Ask some of the ACNP here if they are limited. Ask the FNPs doing solo ER coverage in many rural towns if they are limited.

Those are the facts and until you are a NP and understand practice and credentialing, it is only your OPINION.

Is seems to be common to mistakenly project the practice limitations at your facility to all NPs everywhere.

Looking at viced's location, I will give him this. NPs are incredibly limited in Georgia. If I was going to be an NP, I'd get out of Georgia to do it.

That being said, judging NP scope of practice using the data set of Georgia isn't a fair way to assess it. For the reason that it is incredibly limited compared to pretty much every other state.

Rush in Chicago utilizes NPs in a big way. You gotta be good and have an awesome CV or really? just don't waste your time.

Lets see, I do central lines, chest tubes, intubate, ventilator management, ER, primary care, chronic pain, admit and care for inpatients and even pre-natal care and basic womens health like IUDs and paps.

I am a proponent of the role of the nurse practitioner and the unique value they can bring to healthcare.

I get the point you are trying to make by listing all your skills.

I'm not suggesting that this is true in your case, but, it's easy to end up as a jack-of-all, master of none, if you're not careful.

Outcomes are tied to volumes. That's what I look for. Regardless of whether my primary care provider is a NP, MD, or DO, as a rule, there are probably others more qualified to manage my ventilator settings.

Specializes in Anesthesia, Pain, Emergency Medicine.

You can always find someone better. Since one of my hats is anesthesia, I consider myself an expert in the ventilator field. :)

But, you are correct.

Specializes in Rehab, critical care.

That paced rhythm situation was downright scary. Any ICU nurse should know that is a paced rhythm, experienced or inexperienced, and an NP needs to know that for obvious reasons, as well.

I agree that bedside experience is necessary to become a proficient and knowledgeable NP. However, the amount of bedside experience is dependent on the individual. 2 years of experience may be enough for some people, and 2 years of experience may not be for another. Some people are just more capable than others, so what takes one nurse 5 years to get may take another just 1 year.
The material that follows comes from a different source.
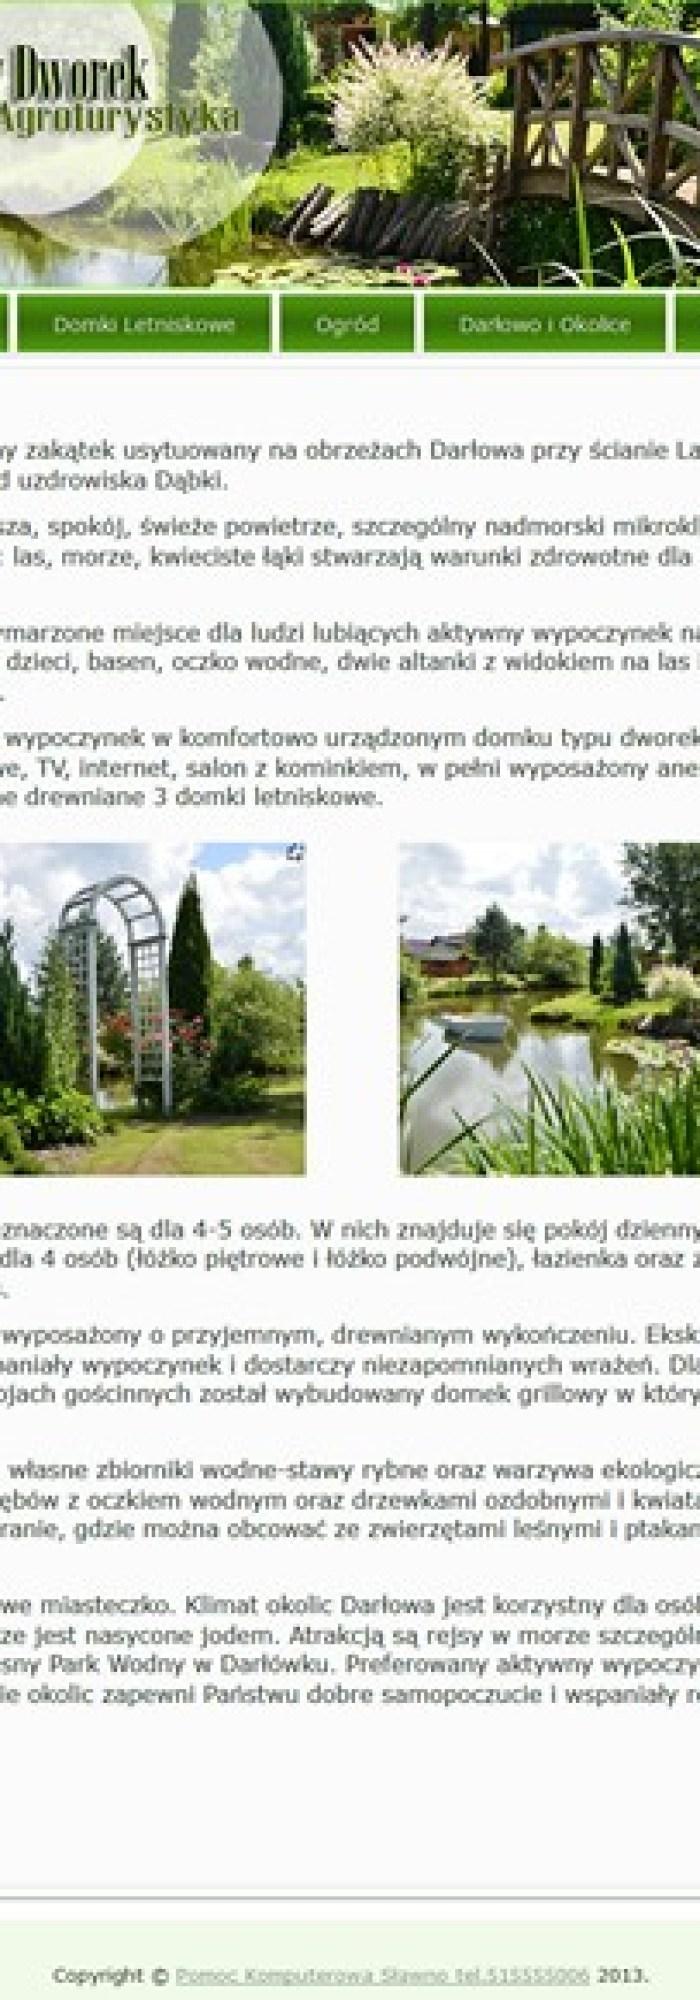 Leśny Dworek Agroturystyka

I am an ICU nurse, as well, and I plan on going back for my NP in the future. If I am competent and ready to go back after 2 years of experience, I will attend. If I am not ready yet, then I will wait. It really is a personal choice that requires reflection on one's abilities/nursing experience. I will most likely wait anyway since I enjoy working the floor, and want to get my CCRN, start a family, all of that jazz.

There are great NP's out there just as there are great MD's and great nurses. There are also not so great NP's out there just as there are not so great nurses and not so great doctors.